## DATA EXTRACT
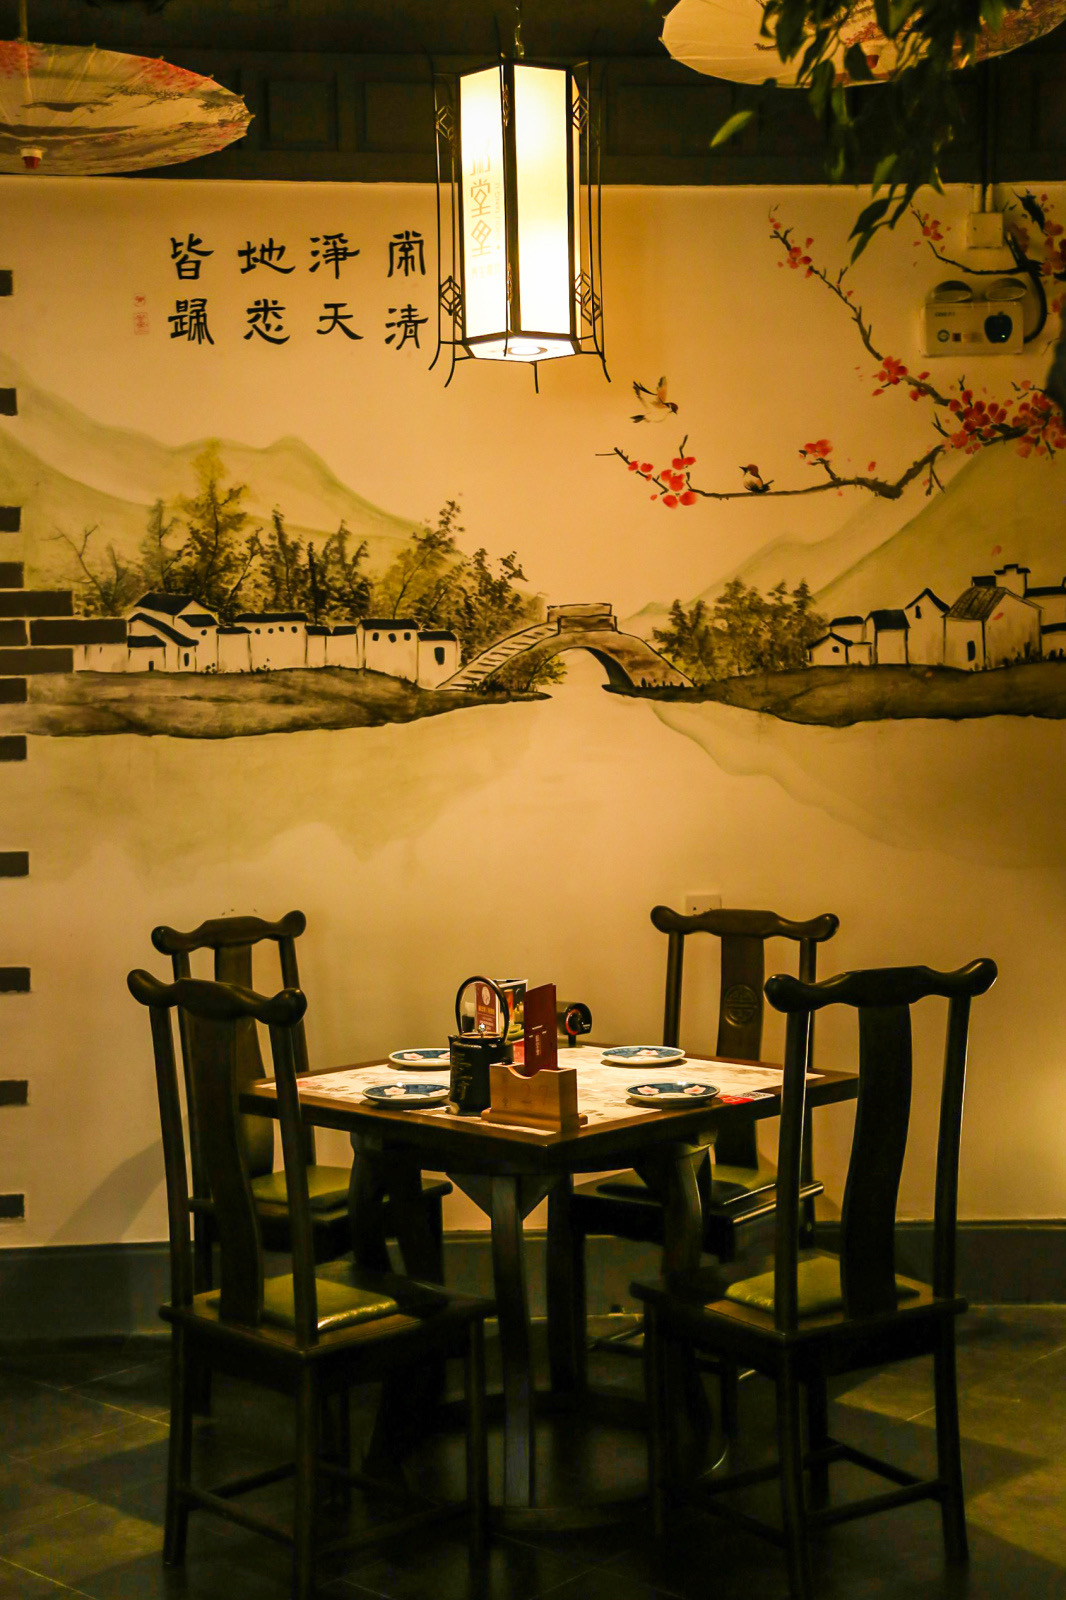 贵阳墙画公司-贵阳壁画公司-餐厅主题墙绘-背景墙手绘
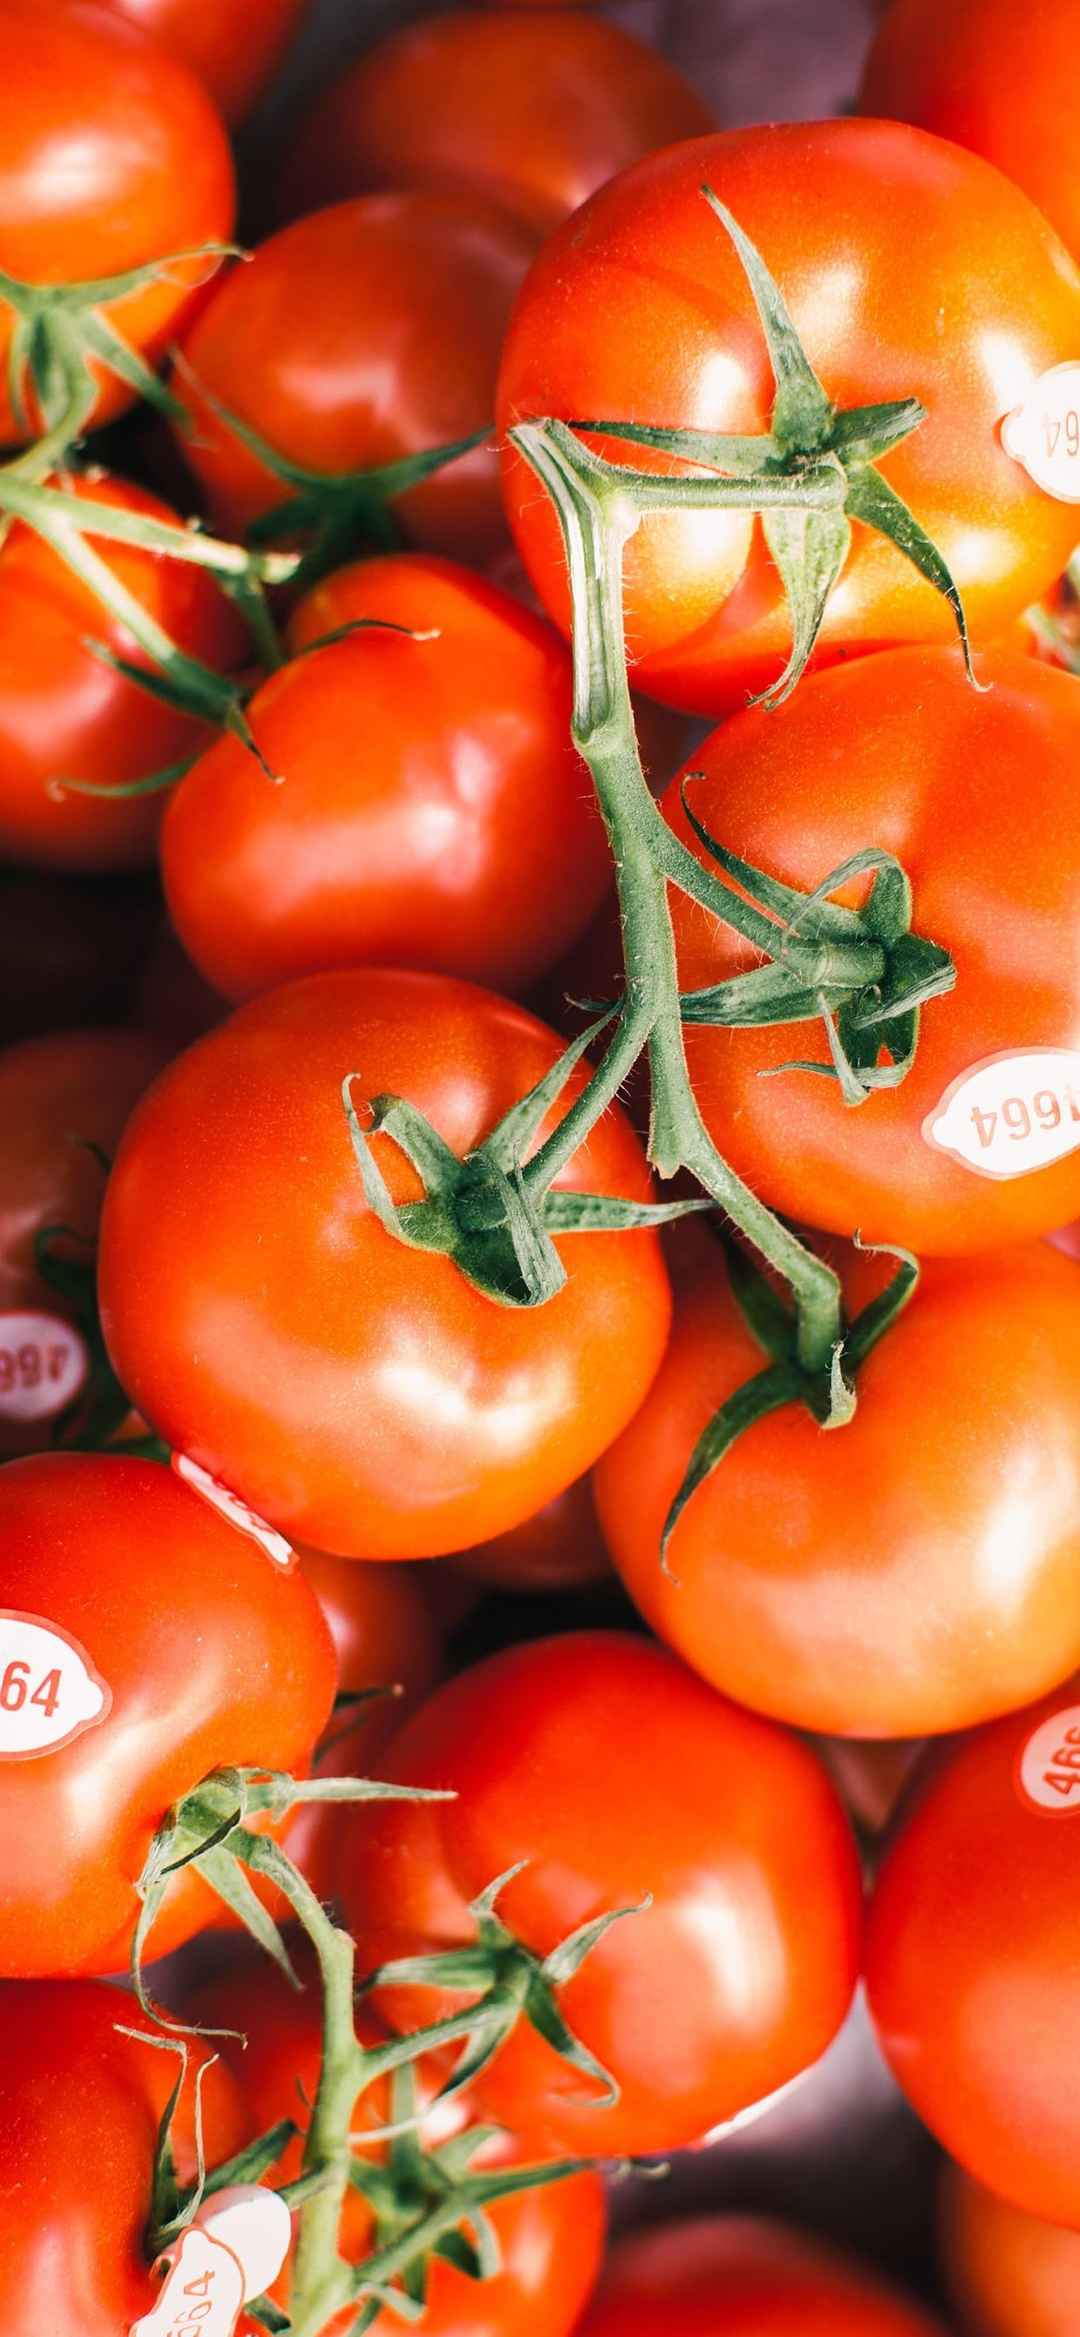 新鲜番茄超好看的动态手机壁纸
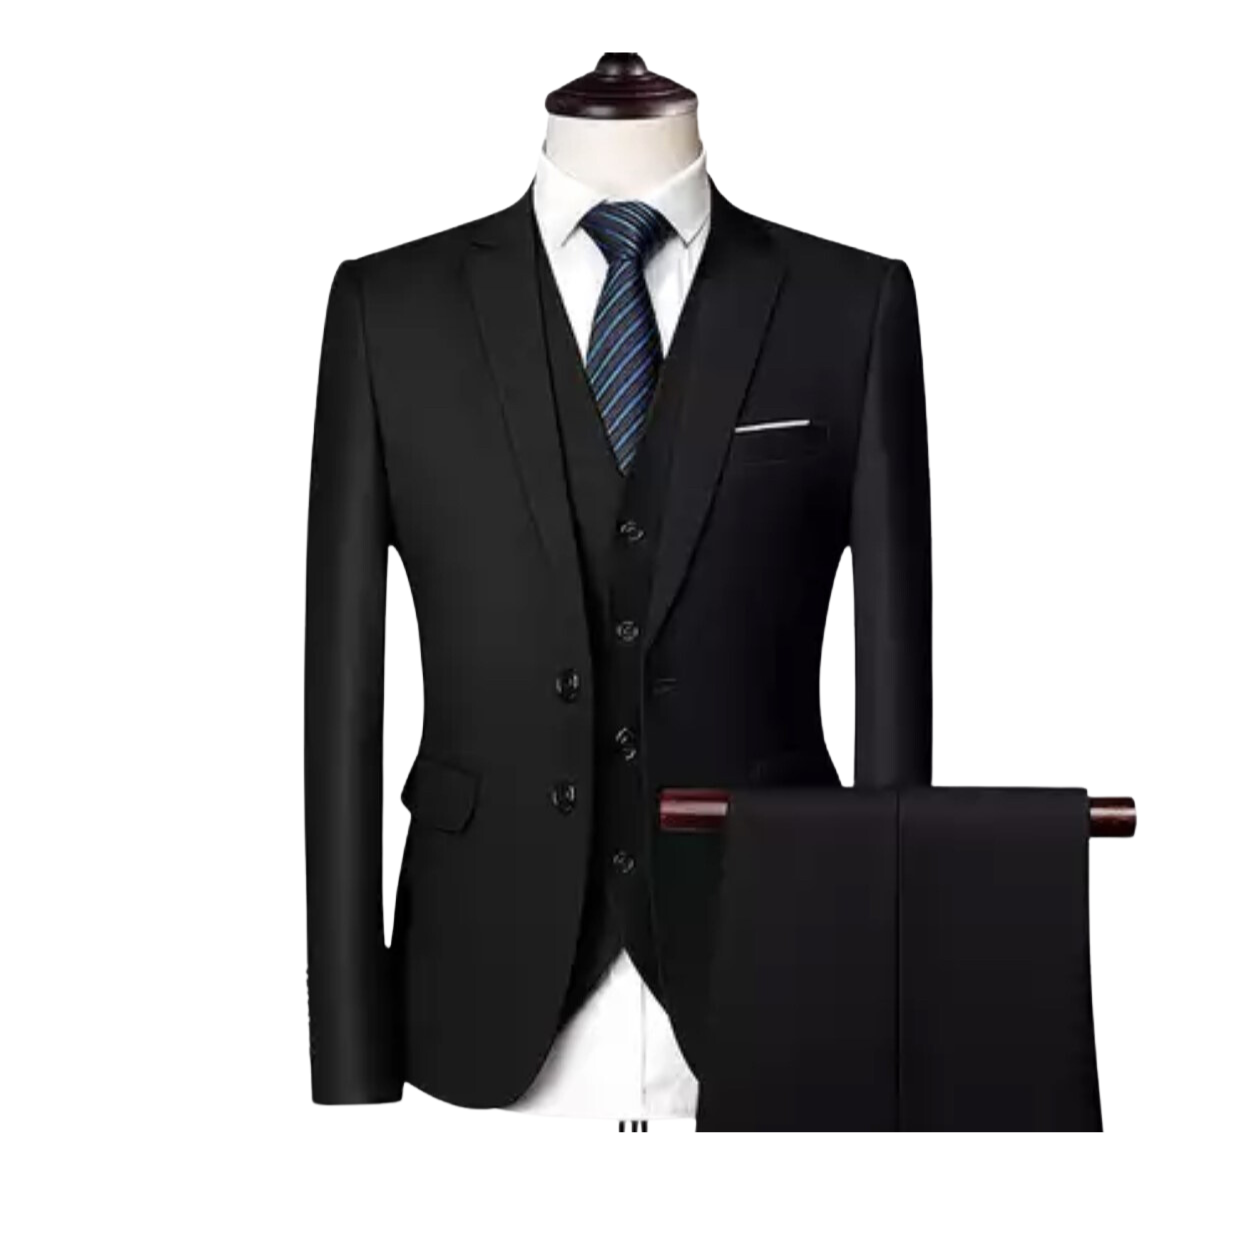 OMC Signature Men's 3-Pieces Slim Fit Suit Black

## ACTIVITY
Take the listing and print it again exactly, but without any pictures.

## ANSWER AREA
 贵阳墙画公司-贵阳壁画公司-餐厅主题墙绘-背景墙手绘
 新鲜番茄超好看的动态手机壁纸
 OMC Signature Men's 3-Pieces Slim Fit Suit Black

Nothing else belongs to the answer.